非日常
「ぎゃぁぁぁあああああっ」
突然すぐ近くから悲鳴が聞こえた。
「な、なんだ!?」
俺たちが悲鳴の聞こえた方を向くと、そこには血を流して倒れている人が一人と、異様な目をして手に血の付いた日本刀らしきものを持っているスキンヘッドの男がいた。
俺たちから50メートルも離れていない。どこから出てきたんだ!?
「おいおいおい、やべぇよ! こっちにくるぞ…逃げろ!」
裕也はそれを見るなり叫んで行動に移そうとする。俺も逃げようと隣にいた穂香と後ろにいた由愛を見ると、
「ど、どうしよう、あ、足が動かない……」
「せ、先輩……」
穂香と由愛は腰を抜かしたかのように怯えて動けないでいた。そりゃそうだろう。俺も怖い。

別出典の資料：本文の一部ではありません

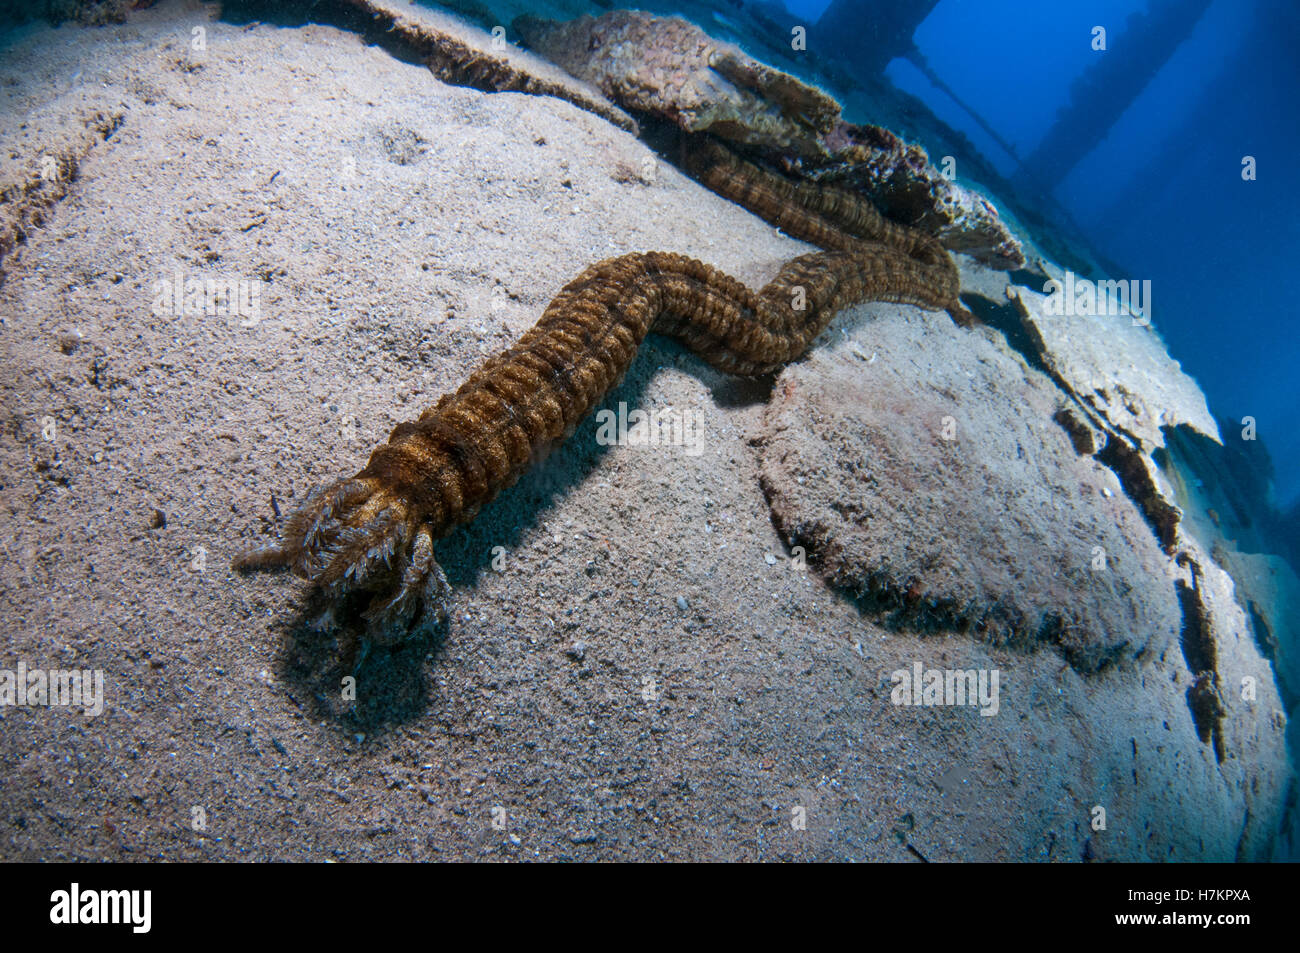 Synapta maculata sea cucumber also Zebra sea cucumber crawls on the sea bed, Red Sea, Israel Stock Photo

慌てて俺は穂香を、裕也は由愛を引っ張り左右に分かれて逃げようとするが、如何せん人を抱えた状態では早く走れない。
くそっ、なんでちょうどこんな場所で!!
俺たちの今いる場所はちょうど家や店が途切れた空白地帯だった。
逃げ込む場所がない!
そうこうしている内にスキンヘッドの男は奇声を発し、日本刀を振り回しながら近づいてくる。
「裕也! 避けろ!!」
左の道のほうへ逃げていた裕也にスキンヘッドの男が日本刀を振りかぶる。
ブンっ
バットを思いっきり振った時のような音がした。
手加減なんかしてない。本当に殺す気だ。
スキンヘッドは思いっきり振り過ぎたせいか、転んでいる。
由愛を担いでいた裕也はなんとか俺の声で反応することができ、避けられたようだ。
ほっとした、と思っていたら裕也は右足を抱えて蹲っている。
避けきれてなかったのか!!!
スキンヘッドは体勢を整えて近くにいた人を襲おうとしている。
「うわぁぁぁ、こっちにくるな!」
通りがかりの男性のようだ。カバンを振り回し、逃げていた。
「穂香っ、動けるようになったか!?」
「う、うん、大丈夫!」
「裕也が切られたみたいだ。 助けに行ってくる!」
「えっ!? む、無茶はしないで!」
穂香は泣きながら言ってくるが、問答している時間ももったいない。
いつスキンヘッドが裕也に向かうかわからない。
震えていた穂香を地面に下すと、俺はスキンヘッドを刺激しないように裕也の方に近づき、声をかける。
「裕也! 由愛! 逃げるぞ!!」
裕也は足から夥しい出血をしながらも頷き、「悪い」と一言、由愛はただこくこくと泣きながら頷くのみであった。
火事場の馬鹿力だろうか。
何故か二人を担ぎ上げることができ、穂香の傍まで、運ぶことができた。
あと少し走れば家がたくさんある。どこかに逃げ込めば大丈夫だろう。
「よし、早く逃げよう!」
そう声をかけた瞬間、
「蓮!! 危ない!!」
振り向くと、銀色の刀身とスキンヘッドのにやついた顔が目に飛び込んできた。
ズバッ
(あぁ、日本刀で切られたときって本当にこんな音がするんだなぁ)
首から胸にかけて焼け付くような痛みと、何かが無くなっていくのを感じながら感心していた。
「いやぁぁっ、蓮、蓮!!」
「くそ! 来るな!」
「誰かっ!! 助けて!!」
「あぁはははぁっ」
スキンヘッドは俺を切っただけじゃ飽き足らず、他の三人をも手にかけようとしていた。
「それだけは――させない!」
どうやらさっき襲われていた通行人の男性は逃げ切れたようだ。姿が見えない。助けを呼んでくれていればいいのだが……
自分は死ぬだろう。足元は血だまりになっている。
もう、さっきまで感じていた痛みもなくなっている。
だけど、あの三人だけは。
「……く、そ」
スキンヘッドに抱き着き、身体を倒す。
同時に、血と共に力が抜けていく中で、それでも全力でスキンヘッドの足首をひねり、折る。
ボギッ
「ぐぁぁ!! ぎゃあぁぁぁ!」
「ざまぁ……みろ……」
スキンヘッドは足首を押さえ転がりまくっている。
この隙に皆逃げられるだろう。
やり遂げられた。
「……ふぅ」
安心した途端、目の前が真っ暗になってきた。
(あぁ、死ぬのか。 仕方ない、か。 あいつらが無事だということでよしとしよう。 ……そういや、生まれ変わりってあるのかなぁ)
そんなことを思いながら、俺の意識は完全に暗闇に沈んでいった。